# RC Channel



## galanbro (Feb 19, 2008)

Working on a four story hotel. My question is can you install RC channel on ceilings at 24 oc with 5/8 sheetrock?


----------



## bwalley (Jan 7, 2009)

galanbro said:


> Working on a four story hotel. My question is can you install RC channel on ceilings at 24 oc with 5/8 sheetrock?


What is the detail on the approved plans?


----------



## galanbro (Feb 19, 2008)

1 hr fire rating


----------



## bwalley (Jan 7, 2009)

galanbro said:


> 1 hr fire rating


You are not going to get 1 hour out of 1 layer of 5/8" Type X.

What is above it as that may get you the rating you need and then as long as the rated walls go to the deck you won't have to worry about getting a 1 hour rating on the ceiling.

Since it is a hotel, i am surprised they only have 1 hour rating.

The plans should have a UL Number and a detail, if it just says 1 hour rating, have the Architect give you a section detail.


----------



## Ted White (Jun 23, 2009)

I hate to see plans for RC channel in specs. We wouldn't spec resilient channel ever. The fact is there is no single standard for its construction. Some is 20 gauge, some 25, some in between. Some are slotted for flex, some are solid, some have holes.

Again, there isn't a standard for strength or flexability. Drywall Furring Channel, on the other hand, is specified by the Steel Stud Manufacturers Association, along with all other steel framing components. 

Decoupling (what RC is trying to do) is effective if the steel can act like a spring. Since there's no manufacturing standard, the net result is that you have no idea if the resilient channel is too stiff (no spring) or too loose (no spring).

Much better to use the commodity resilient sound clips for a buck and a half and Drywall Furring Channel for $3 for a 12 foot stick. For a little over $40 you can install a ceiling with these steel clips + channel that would put any resilient channel ceiling to shame.


----------



## d-rock (Oct 17, 2009)

galanbro said:


> Working on a four story hotel. My question is can you install RC channel on ceilings at 24 oc with 5/8 sheetrock?


the answer is yes you can. use 20 ga. RC. Also, 1 layer of 5/8 type x will give you 1 hr rating. never a bad idea to double check drawings.


----------



## bwalley (Jan 7, 2009)

d-rock said:


> the answer is yes you can. use 20 ga. RC. Also, 1 layer of 5/8 type x will give you 1 hr rating. never a bad idea to double check drawings.

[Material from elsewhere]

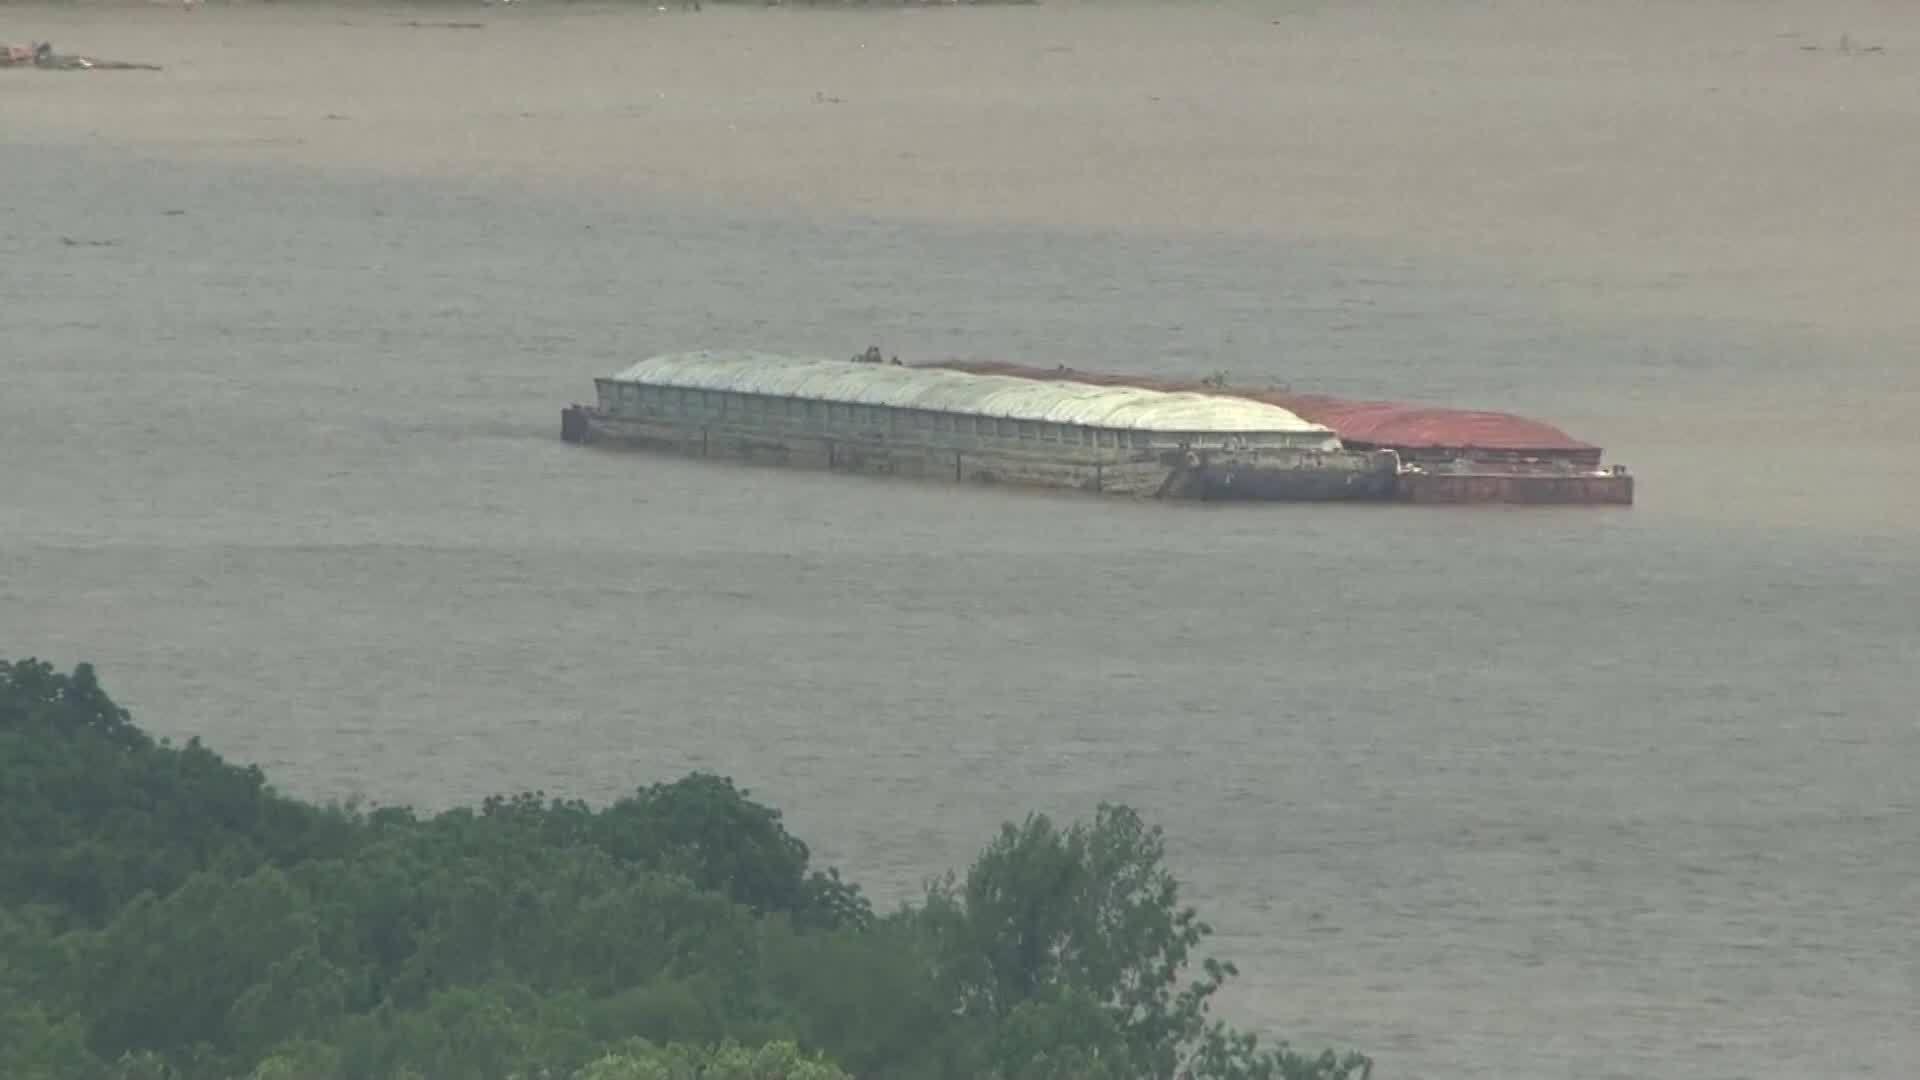 Barges loose on Arkansas River near Webbers Falls, Oklahoma headed toward Lock and Dam.

How can 1 layer of 5/8" Type X give you a 1 hour rating, when you only get 20 minutes for 1 layer???


----------



## Ben of Hyde (Jan 3, 2010)

Wood frame building?
Or steel & concrete?

Either way you need 2 layers type X drywall for a one hour. 3 layers for 90 minute usually in the corridor and 4 layers 5/8 type x for 2 hour rating for the emergency exit stair wells. sound is another issue altogether.


----------



## 375RGR (Feb 13, 2008)

bwalley said:


> How can 1 layer of 5/8" Type X give you a 1 hour rating, when you only get 20 minutes for 1 layer???

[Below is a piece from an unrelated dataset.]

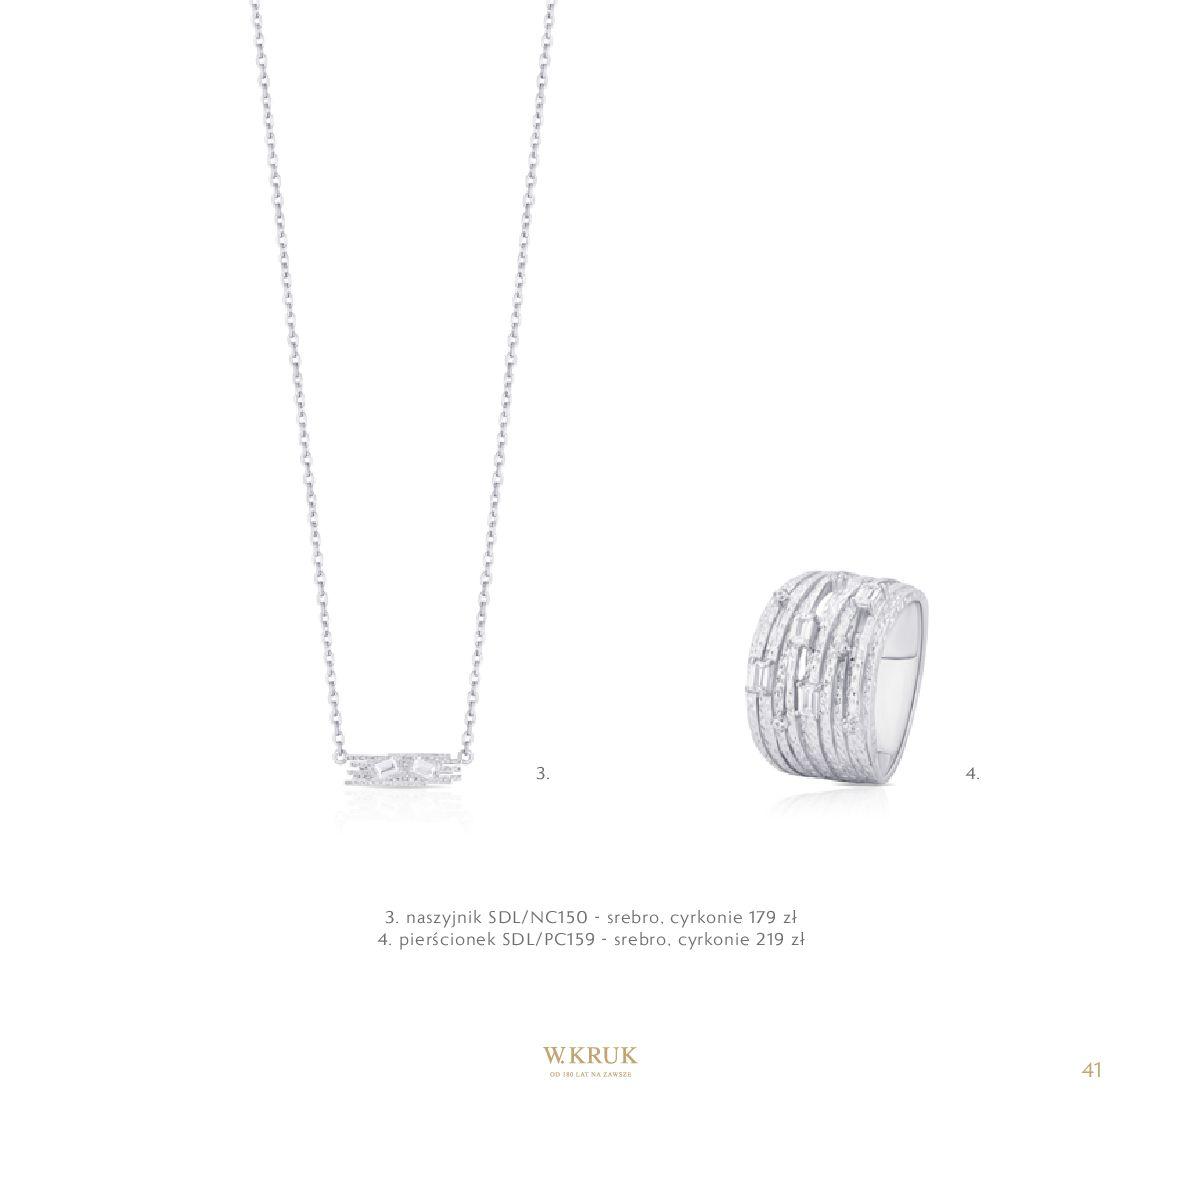 Gazetka W. KRUK: Katalog - Kolekcja Blask 2021-02-17 page-42

You can achieve a 1 hr rating with 1 layer of 5/8" Type X within a floor assembly. Usually the UL listing incorporates the components within the floor or roof assembly. 

As was posted earlier there should be a UL design spec'd out for any rated ceilings.

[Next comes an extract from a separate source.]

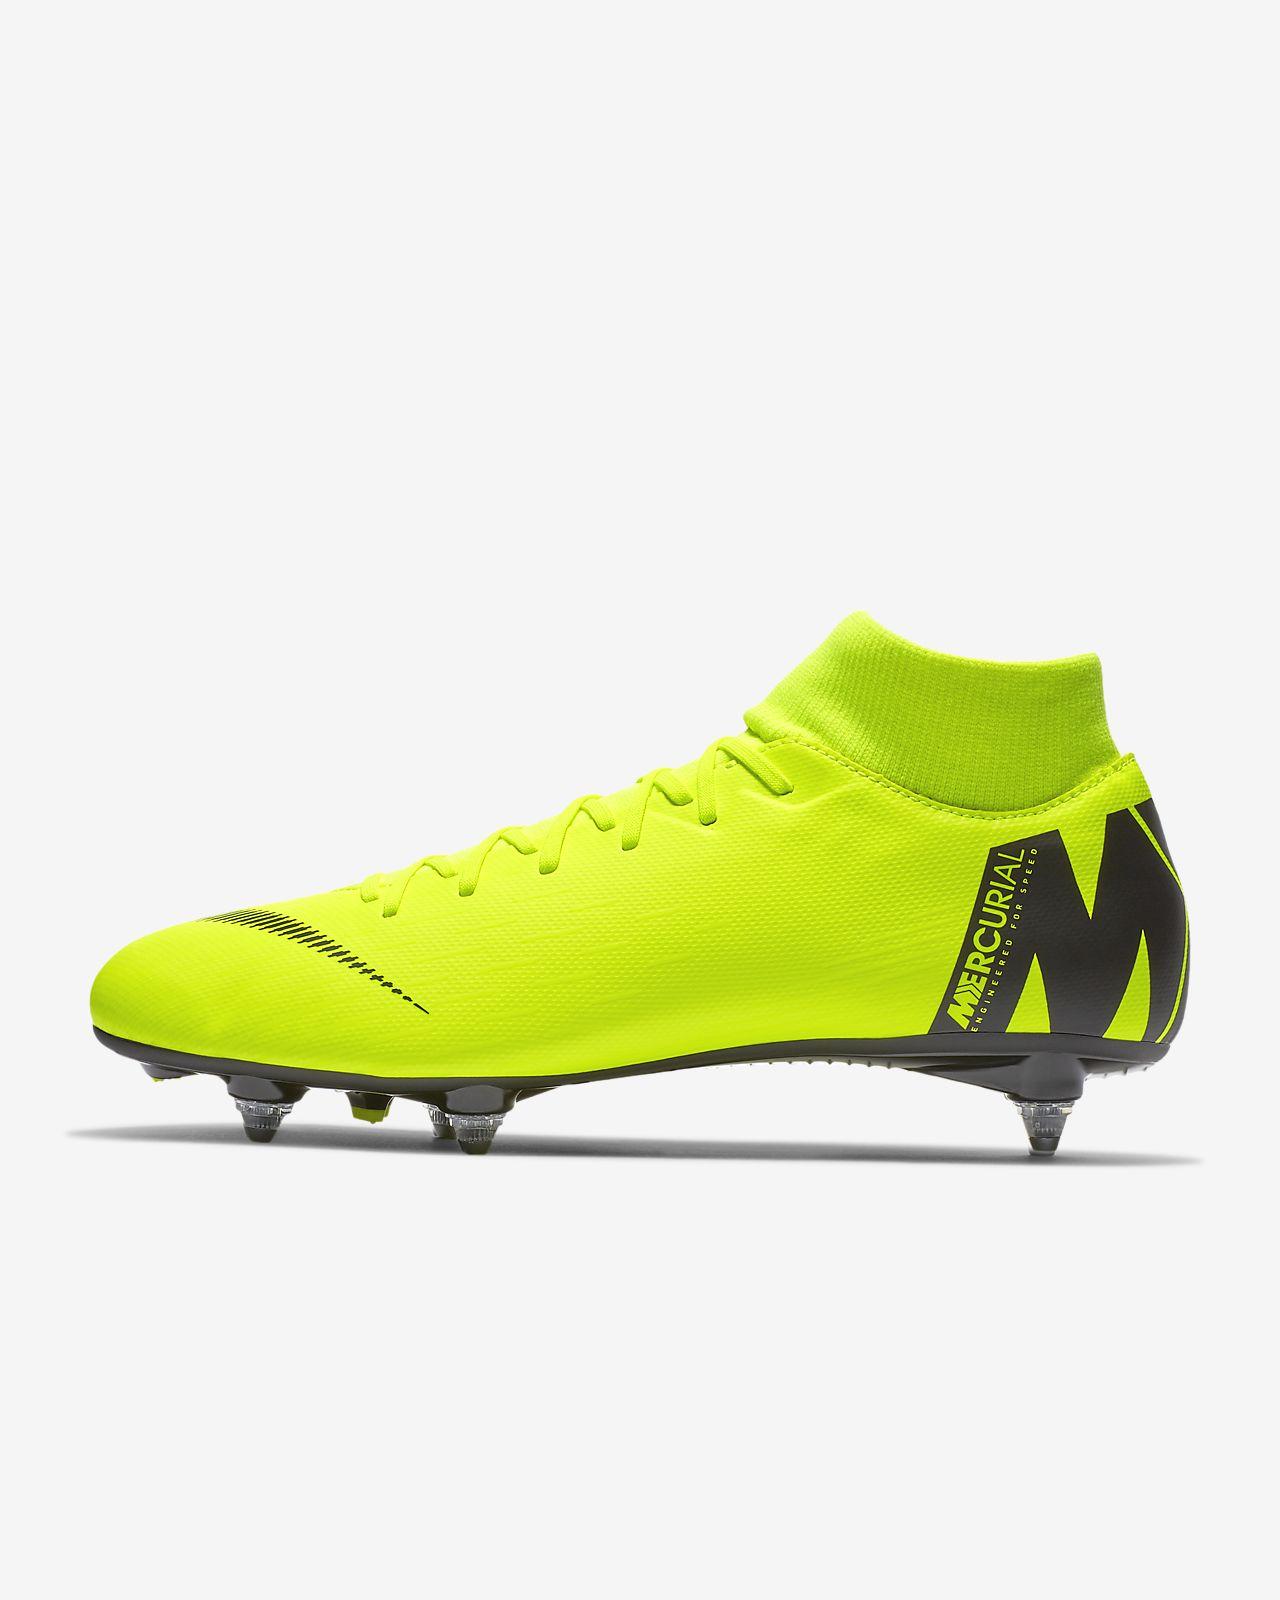 3ad7afe98c58 Футбольные бутсы для игры на мягком грунте Nike Mercurial Superfly VI  Academy SG-PRO

Here is a handy link for UL assemblies.
UL Designs


----------



## d-rock (Oct 17, 2009)

let's not have a pissing match


----------



## Ted White (Jun 23, 2009)

d-rock said:


> the answer is yes you can. use 20 ga. RC.


Any of the decoupling systems rely on the flex of the steel. This is true for RC-1 or resilient clips + channel. In both cases we want the steel to flex. 25 ga. flexes more than 20 ga. so all things being equal, you will have greater sound isolation with 25 ga rather than 20.


----------



## Paulie (Feb 11, 2009)

Ted, where are you located in MI. I went to your website and it gave a address in CA. You can pm me if you like.


----------



## Anti-wingnut (Mar 12, 2009)

d-rock said:


> let's not have a pissing match


What good is the internet without pissing matches?


----------



## Ted White (Jun 23, 2009)

paulie said:


> Ted, where are you located in MI. I went to your website and it gave a address in CA. You can pm me if you like.


You must be going to the wrong website. www.soundproofingcompany.com

Midland, MI


----------



## Big Shoe (Jun 16, 2008)

Nice website Ted! :thumbup:


----------



## Ted White (Jun 23, 2009)

Thank you Big. I'm sorry for the shameless link post


----------